Bas snorted, probably because of the way he'd addressed Sydnie.  "She did."

Sydnie crossed her arms over her chest stubbornly and tilted her head to cast a baleful look at her mate.  "I only did what the book said," she pointed out haughtily.  "Anyway, he wasn't drunk; he just slept really well—and I didn't hear you complaining about that the next morning, puppy."

Bas nodded despite the heightened blush that rose to stain his cheeks.  "That's beside the point, kitty.  Thing was, that book was about two hundred years old, and it said to dab it on with the cloth, not soak the cloth and give it to the pup to suck on."

"Incidentals, puppy," Sydnie went on with a flick of her hand despite the heightened color that had blossomed in her cheeks.  "It didn't really hurt Bailey, and it's not like I intended to do that!  You think I'm a bad mother, don't you, Sebastian?"

Evan grimaced inwardly.  His brother was treading on dangerous ground . . .

"Of course not, Sydnie," he insisted calmly as he kissed her forehead and held her close.  "You're a wonderful mother.  You just shouldn't believe everything you read in that book. That's all."

To Evan's surprise, Sydnie seemed to be satisfied with Bas' answer.  At least she didn't dig her claws into his arm, and that was something, wasn't it . . .?

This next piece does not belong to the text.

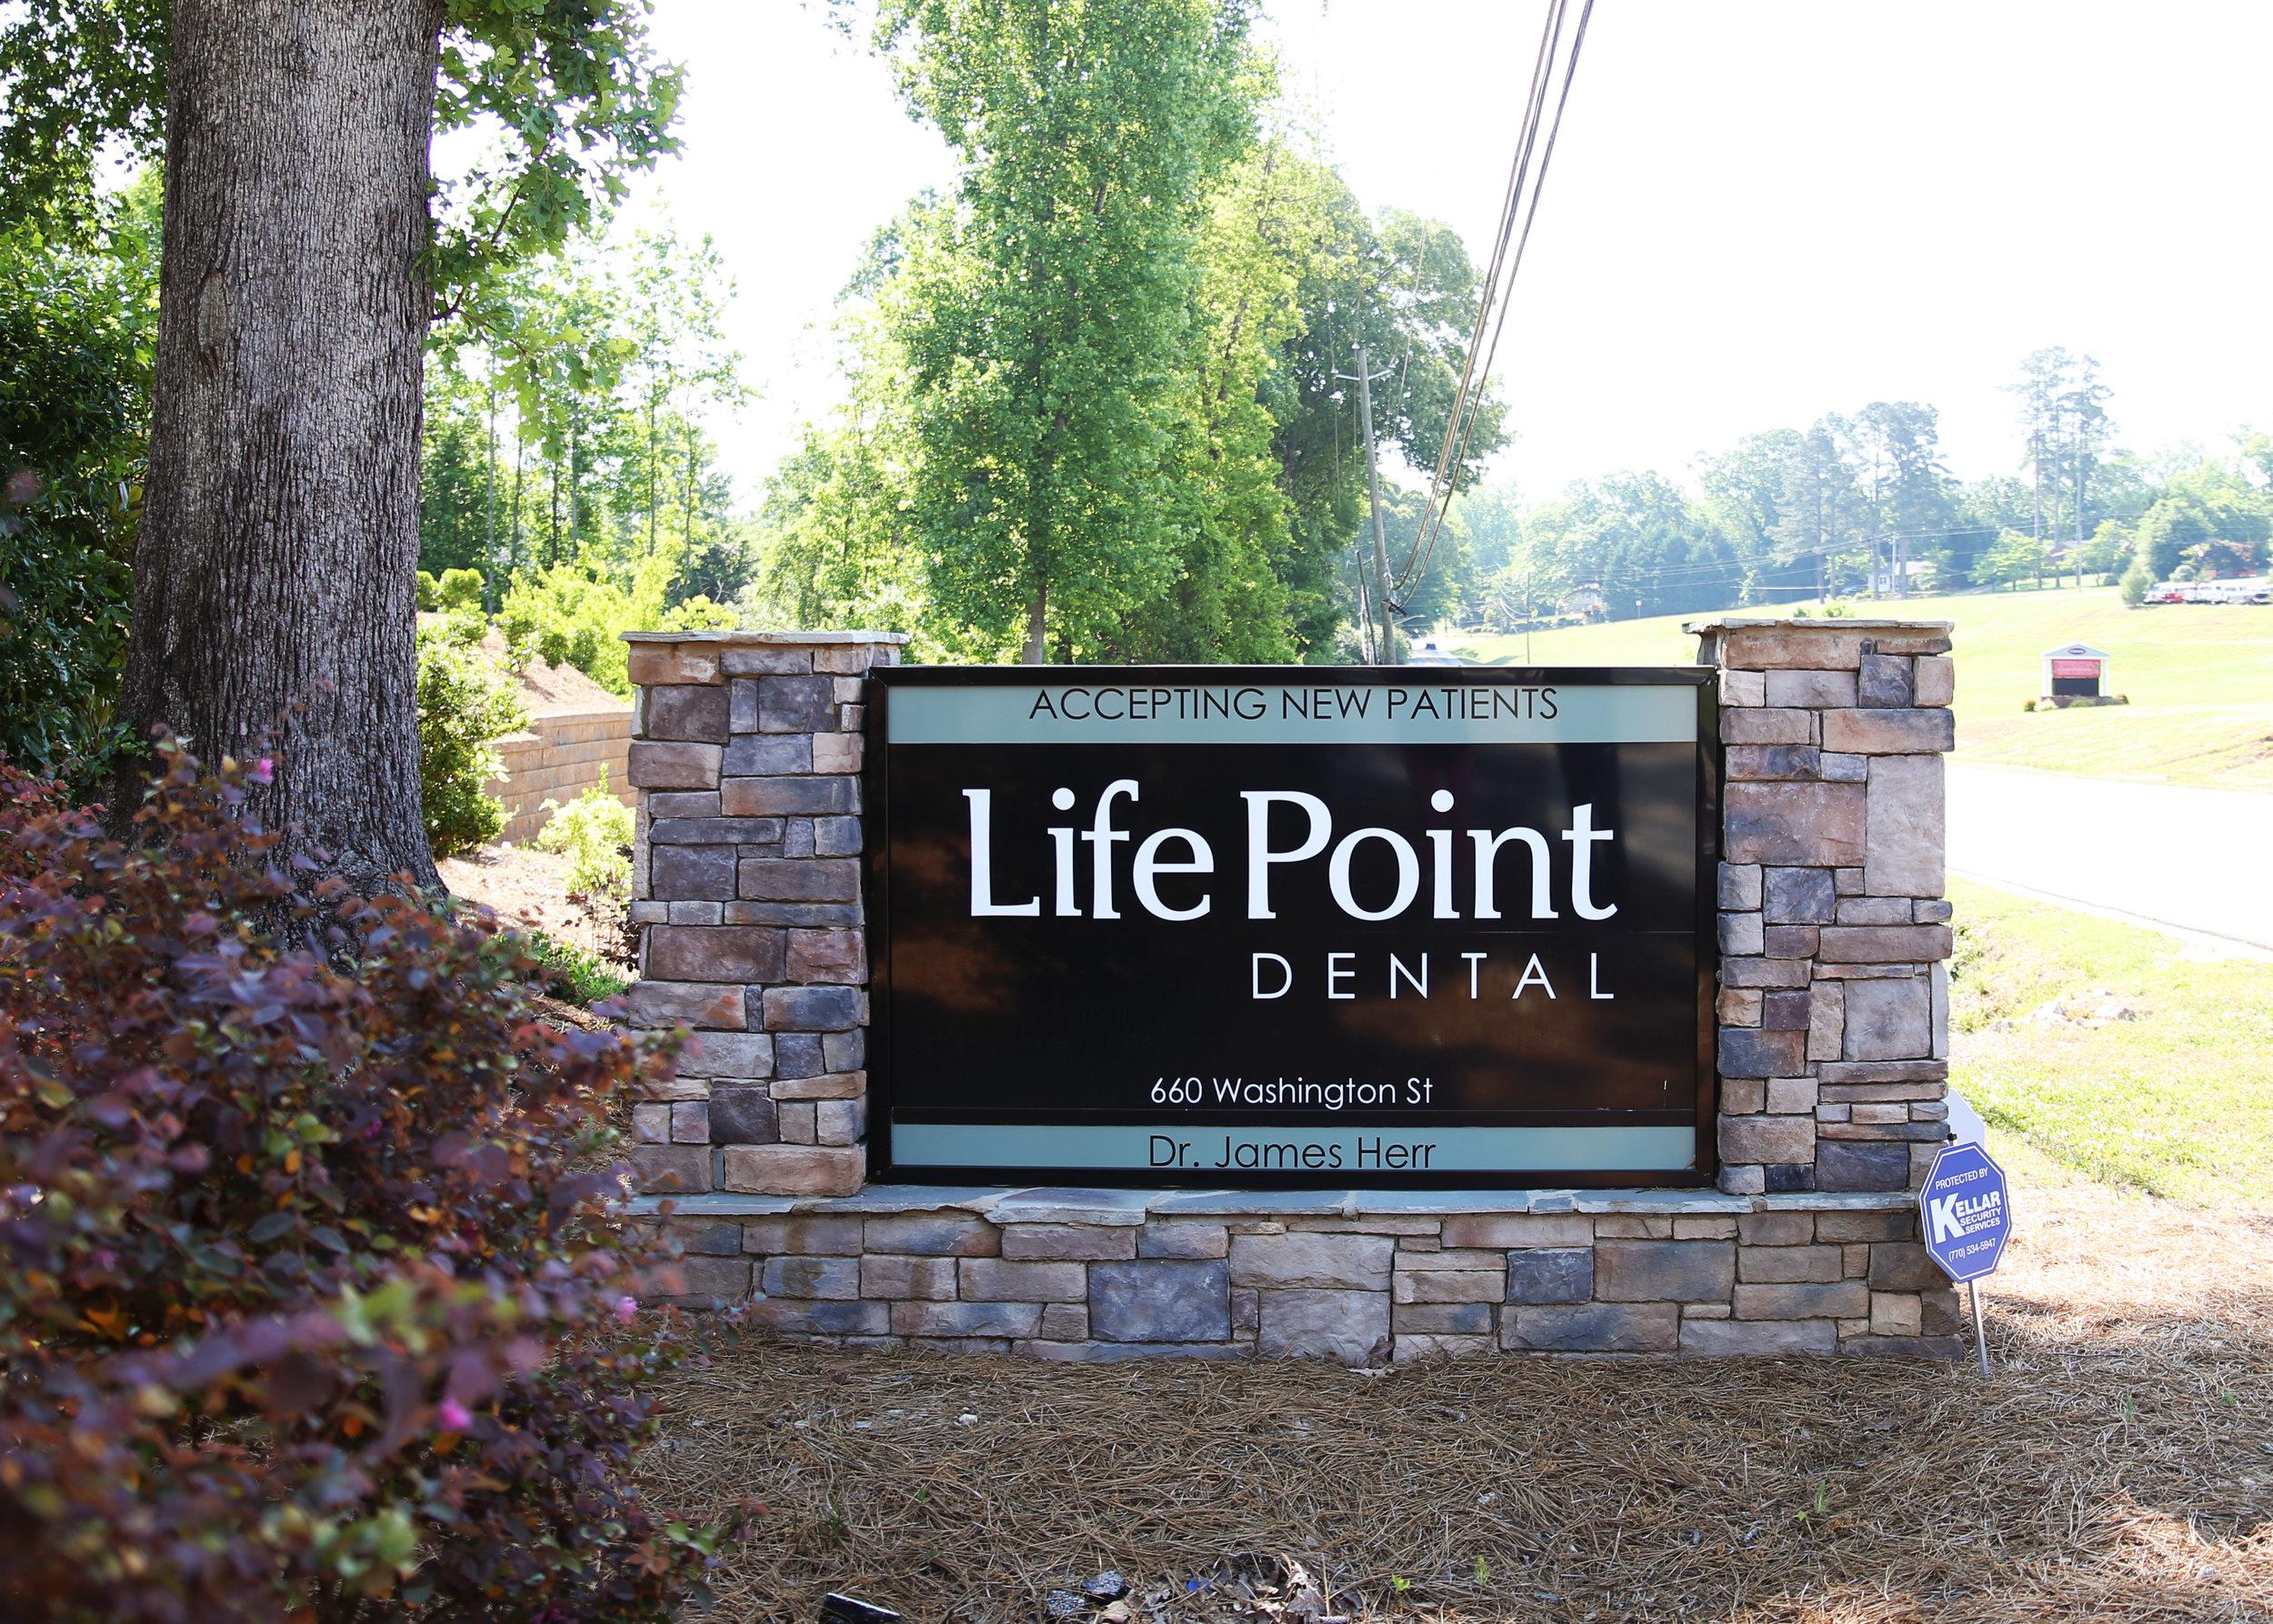 Life Point Dental home to Dr. James Herr- Jefferson, GA

"I thought the clam bake was a great idea," Jillian said, casting Evan a very bright smile, very obviously deciding that a change in topic was in order since Bas actually seemed to be a step ahead of the game at the moment.

"Yeah, well, V said she'd never been to a real clam bake," he said with an offhanded shrug.  "I thought she needed to have one."

"Hmm, don't blame me for your weird ideas, Roka," Valerie said though she sounded more amused than anything.  Evan figured that had to be worth something.

"I prefer to think of them as moments of insular genius," Evan went on.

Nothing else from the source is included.